Current research focuses primarily on the use of human mitochondrial DNA in forensic applications and disease diagnostics. In addition, we are developing Standard Reference Materials (SRMs) for improved human mitochondrial DNA amplification and sequencing (SRM 2392 and 2392-I), for detection of low-frequency heteroplasmic mutations (SRM 2394), and for accurate detection of the correct number of triplet repeats in Fragile X patients and their relatives (SRM 2399). Our overall goal is to detect DNA damage and the chemical alterations of DNA bases following exposures to chemical (e.g., environmental toxicants) and physical (e.g., ionizing radiation) agents. In individuals with specific diseases, actual DNA base pair sequence changes have been observed in both mitochondrial and nuclear DNA. When all of the cells have the same altered genotype, these changes or mutations are fairly easy to determine with PCR and sequencing. However, little research has been conducted to examine the mitochondrial DNA damage from environmental exposures or the specific mutations (actual base pair changes) that such exposures can cause.

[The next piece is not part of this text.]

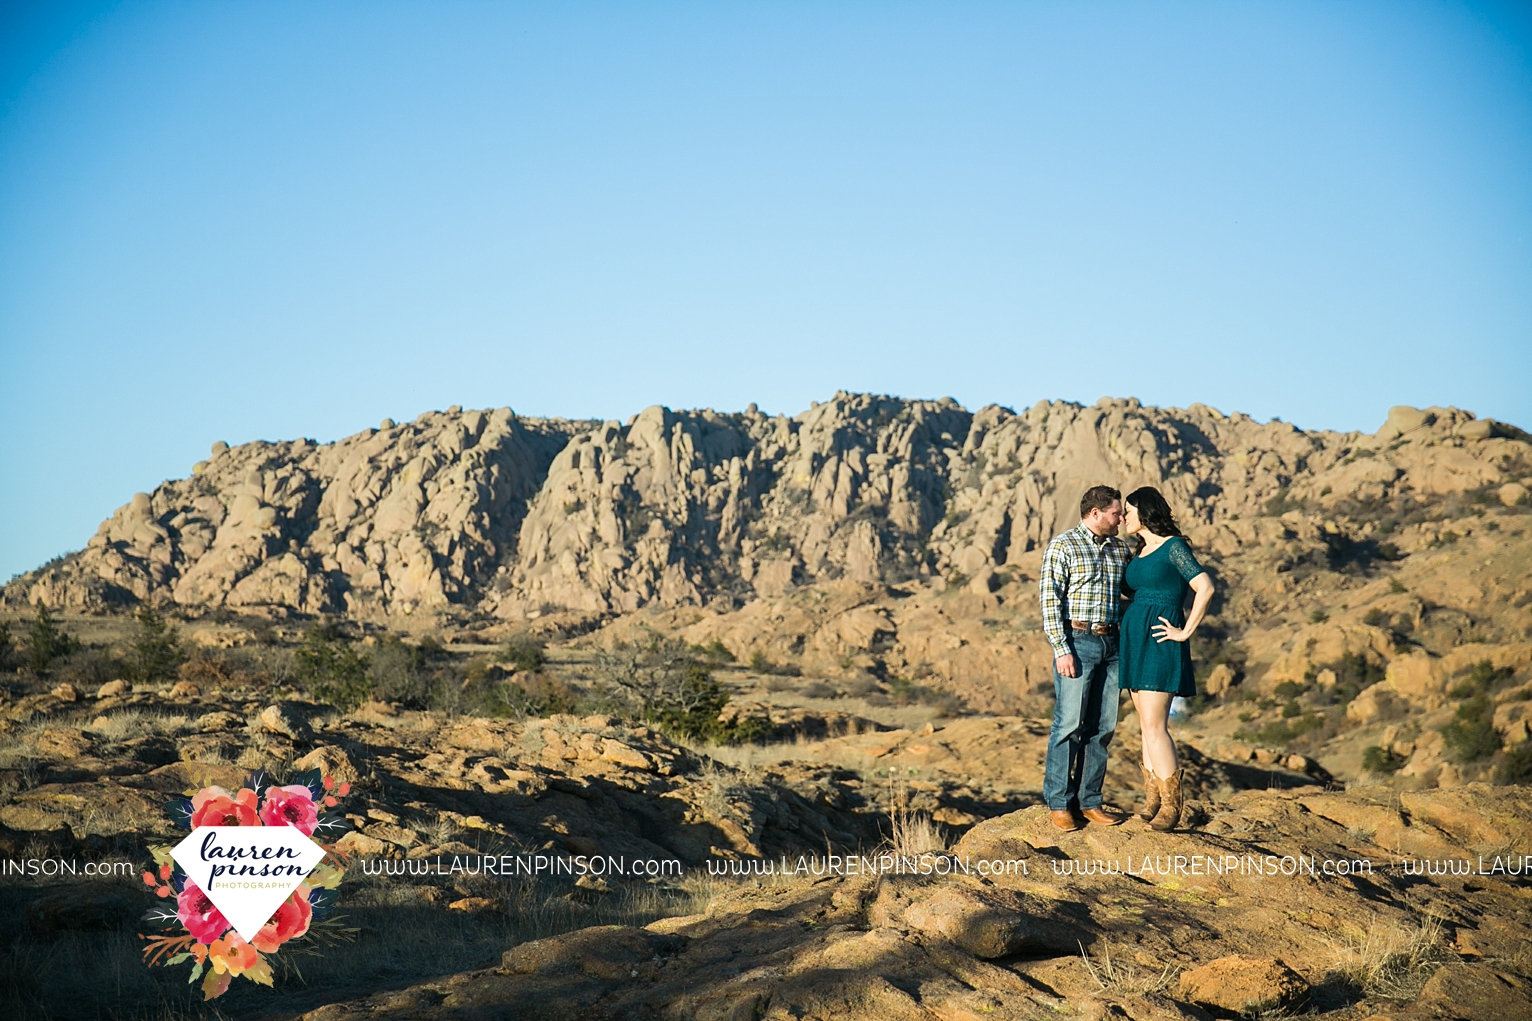 wichita-falls-texas-engagement-photographer-wedding-oklahoma-lawton-wichita-mountains-refuge-outdoors-mountains-engaged_2062.jpg

The need for this information comes from the knowledge that such mutations can lead to many diseases.

We are currently examining the low-frequency heteroplasmic single nucleotide polymorphisms (SNPs) and mutations found in mitochondrial DNA (especially those associated with diseases) and allele frequencies of SNPs in nuclear DNA of pooled samples from populations, the latter in collaboration with the National Human Genome Institute and Johns Hopkins University . The aim of this latter research project is to enable the screening of populations with and without specific diseases and to detect associated SNPs that may have a causal relationship with the disease. Diseases that we have examined include:  Mitochondrial Encephalomyopathy, Lactic Acidosis and Stoke-like Episodes (MELAS), Chronic Progressive External Ophthalmoplegia (CPEO), and Leber's Hereditary Optic Neuropathy (LHON).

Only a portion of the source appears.